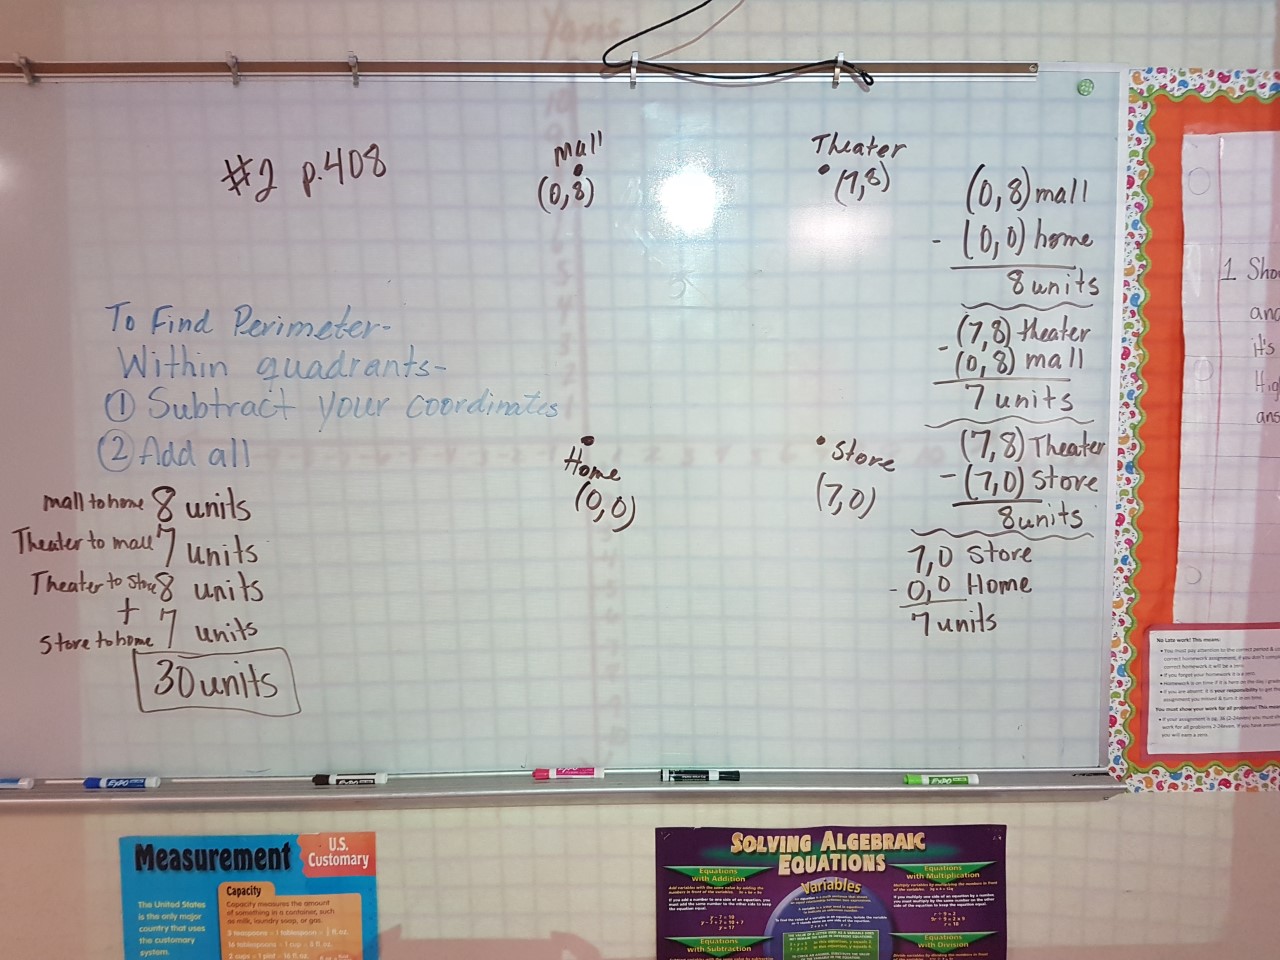 mrs-negron-6th-grade-math-class-lesson-14-2-polygons-in-the
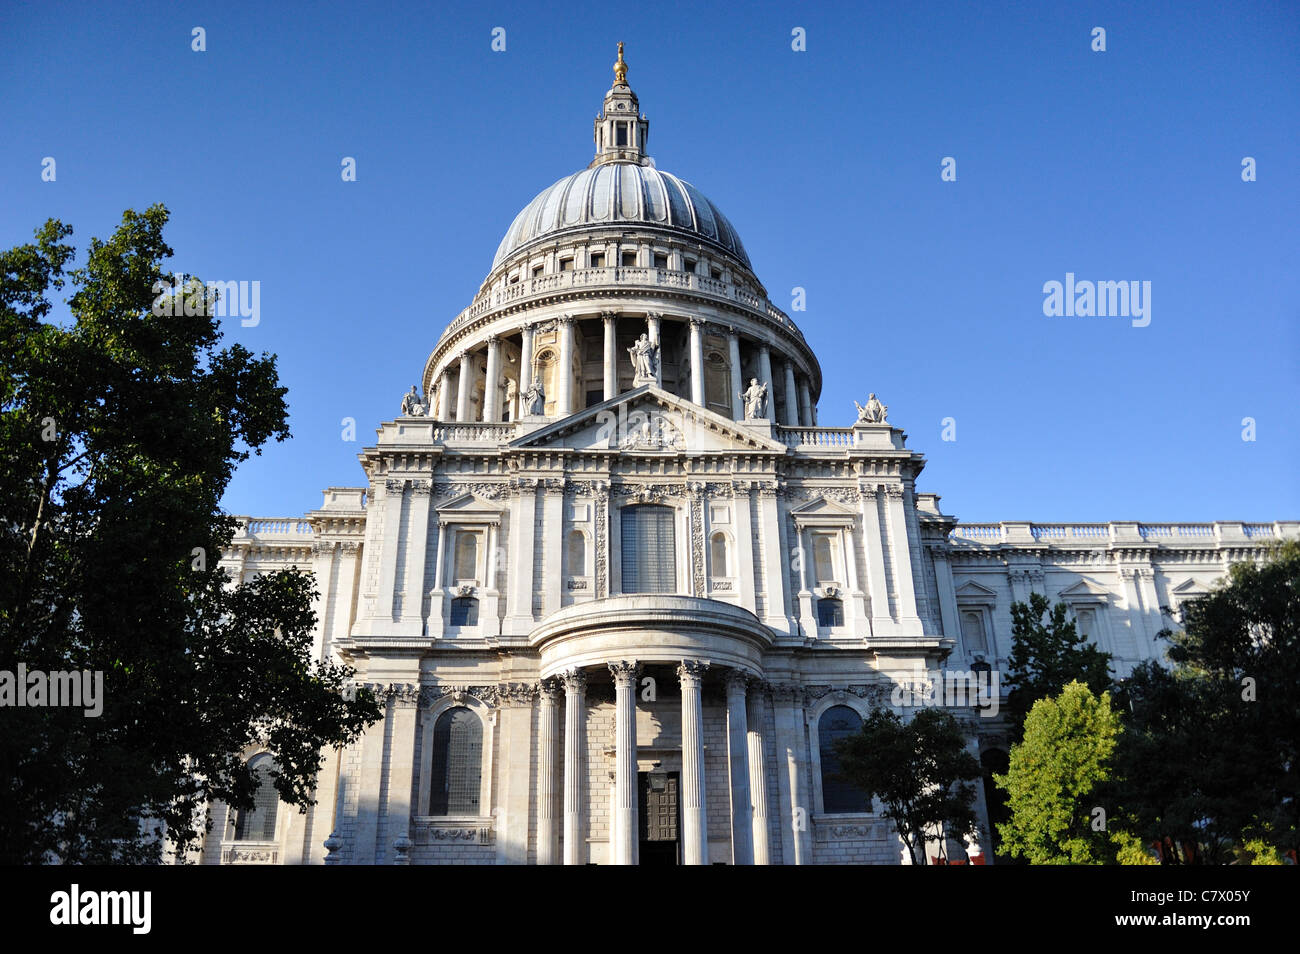 St Pauls cathedral London Stock Photo
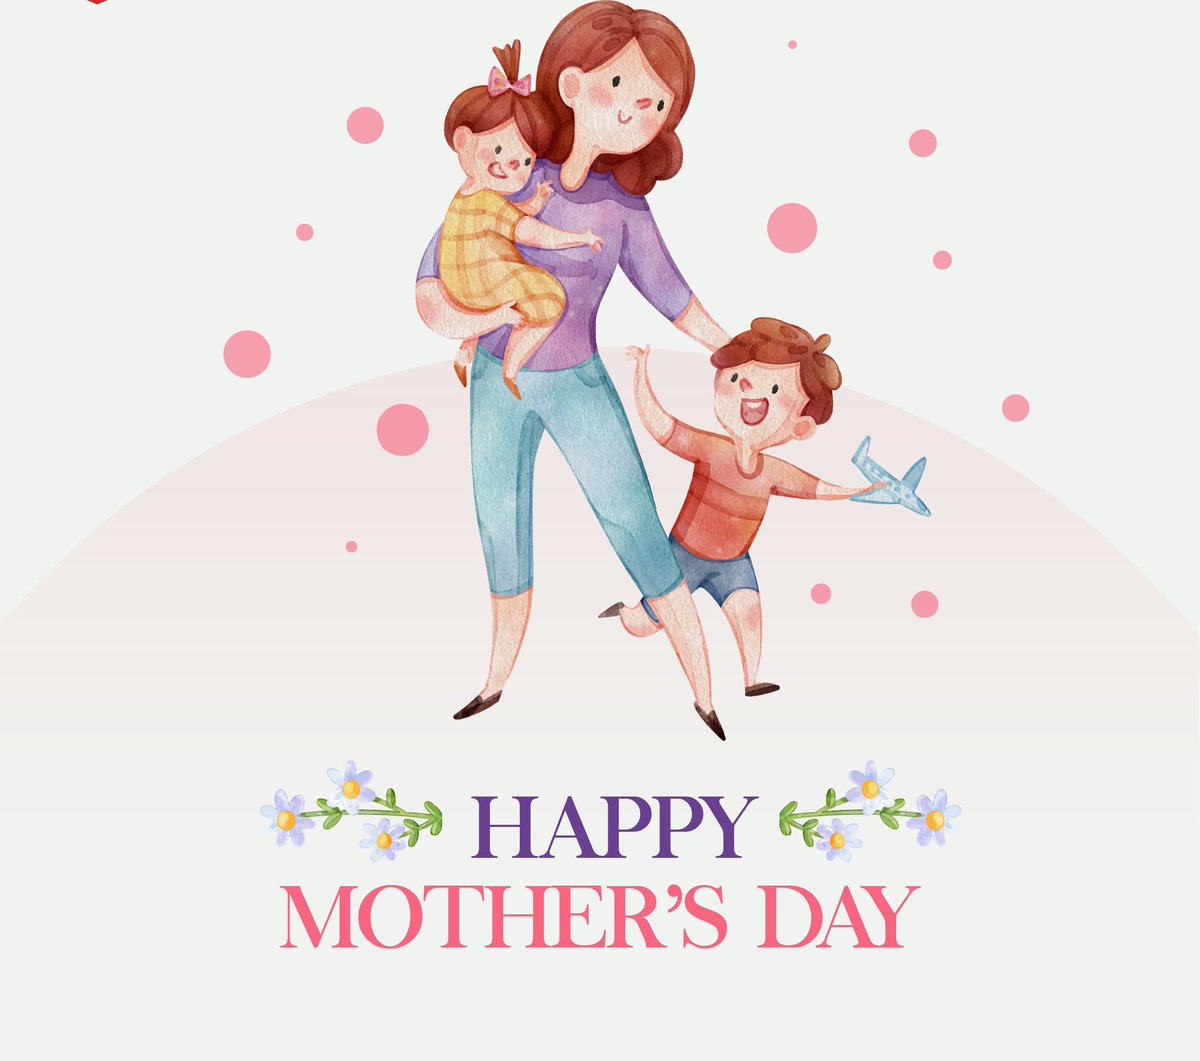 From cradle to cosmos, her love built your world. Now, it's your turn to craft hers with the unwavering promise of protection. Rockfort Entertainment celebrates Mother's Day, urging you to cocoon her in security and love. #MothersDay
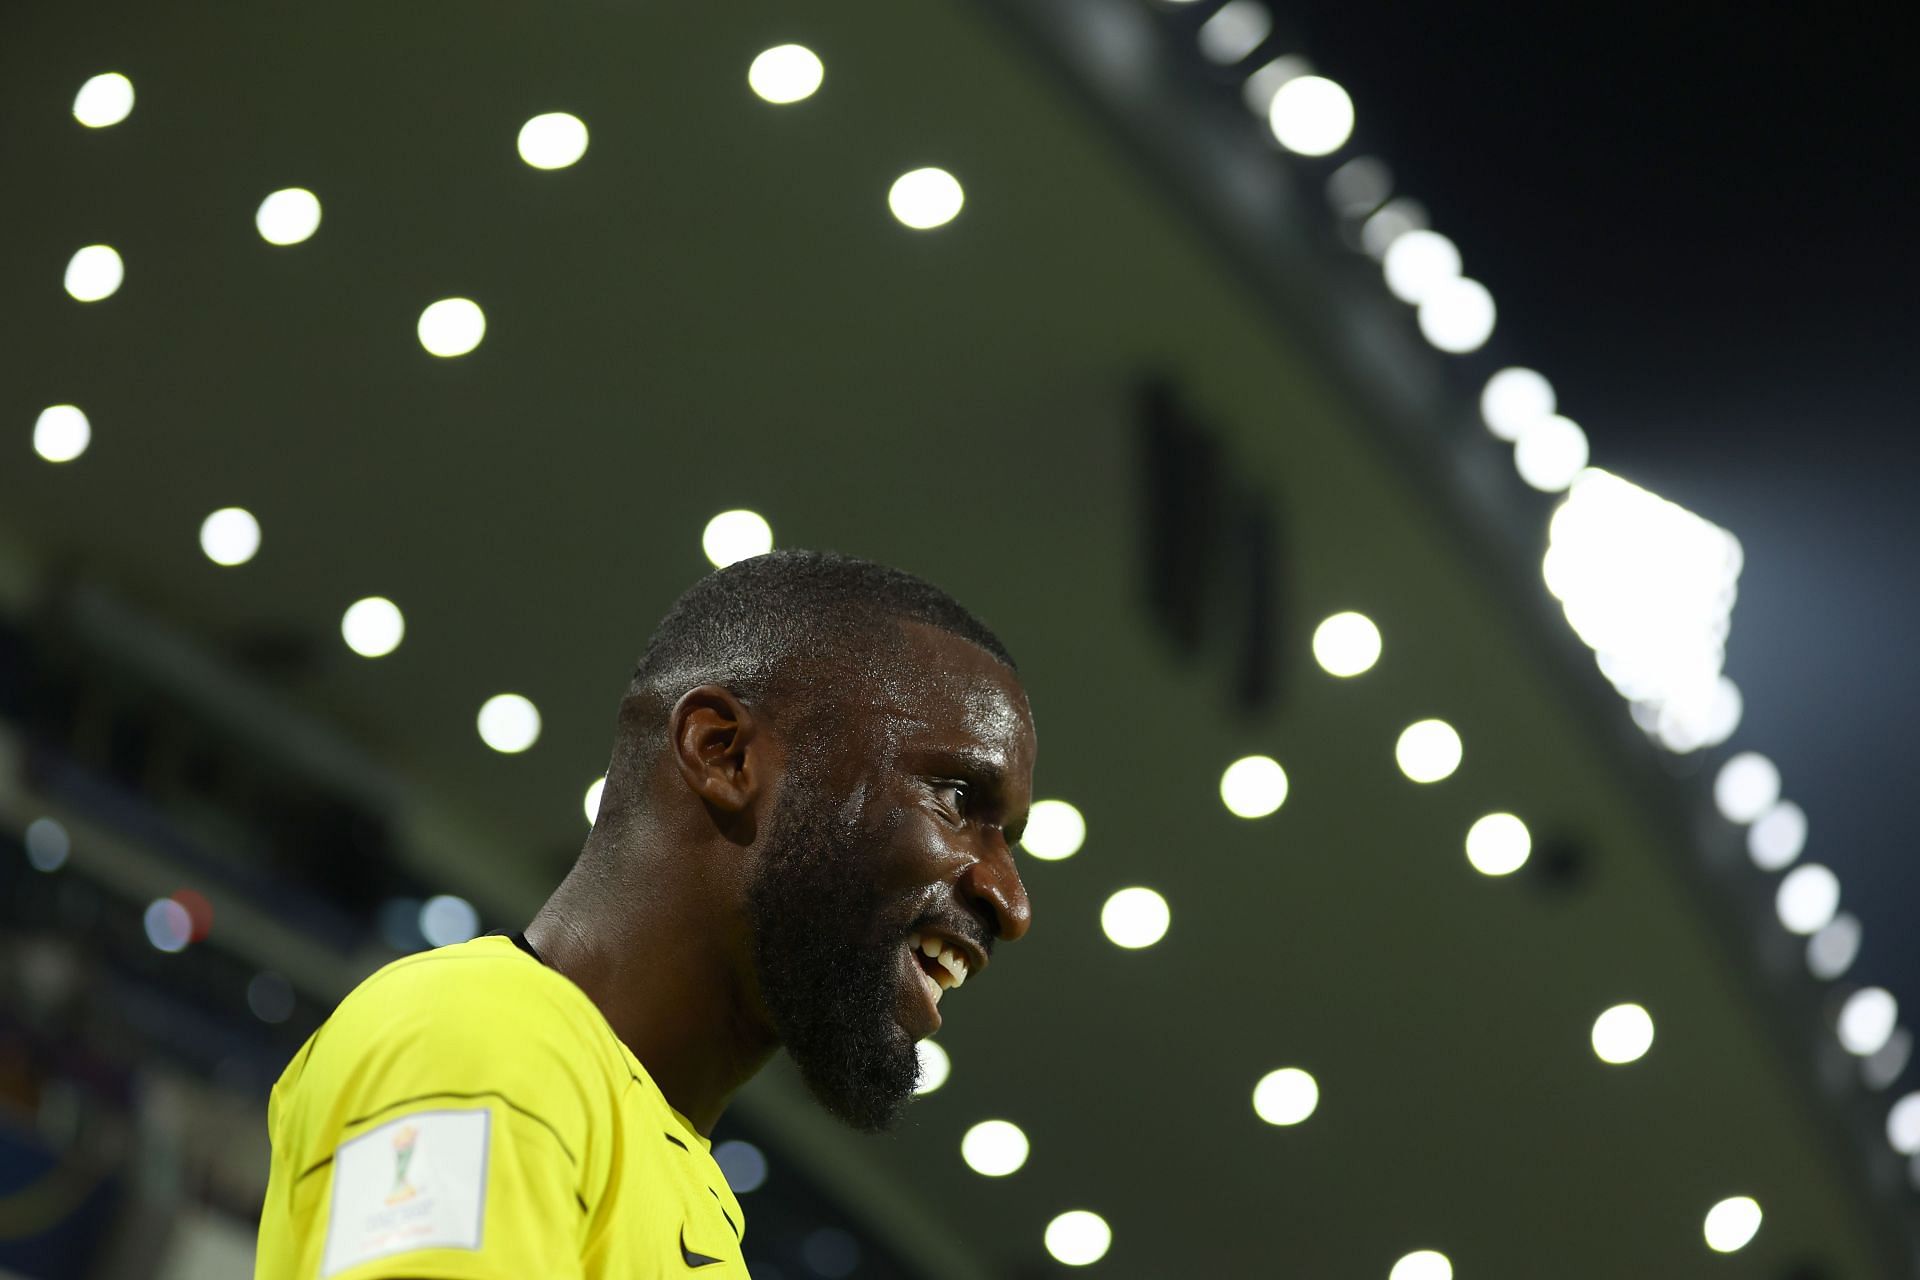 Antonio Rudiger is one of the mast likeable players in the game
* * * * *
→ **Exercise**:
The copy should begin at the line containing "St Pauls cathedral London Stock Photo" and end at the last line of the data above; please restate those lines word for word without the pictures.

→ **Exercise answer**:
 St Pauls cathedral London Stock Photo
 From cradle to cosmos, her love built your world. Now, it's your turn to craft hers with the unwavering promise of protection. Rockfort Entertainment celebrates Mother's Day, urging you to cocoon her in security and love. #MothersDay
 Antonio Rudiger is one of the mast likeable players in the game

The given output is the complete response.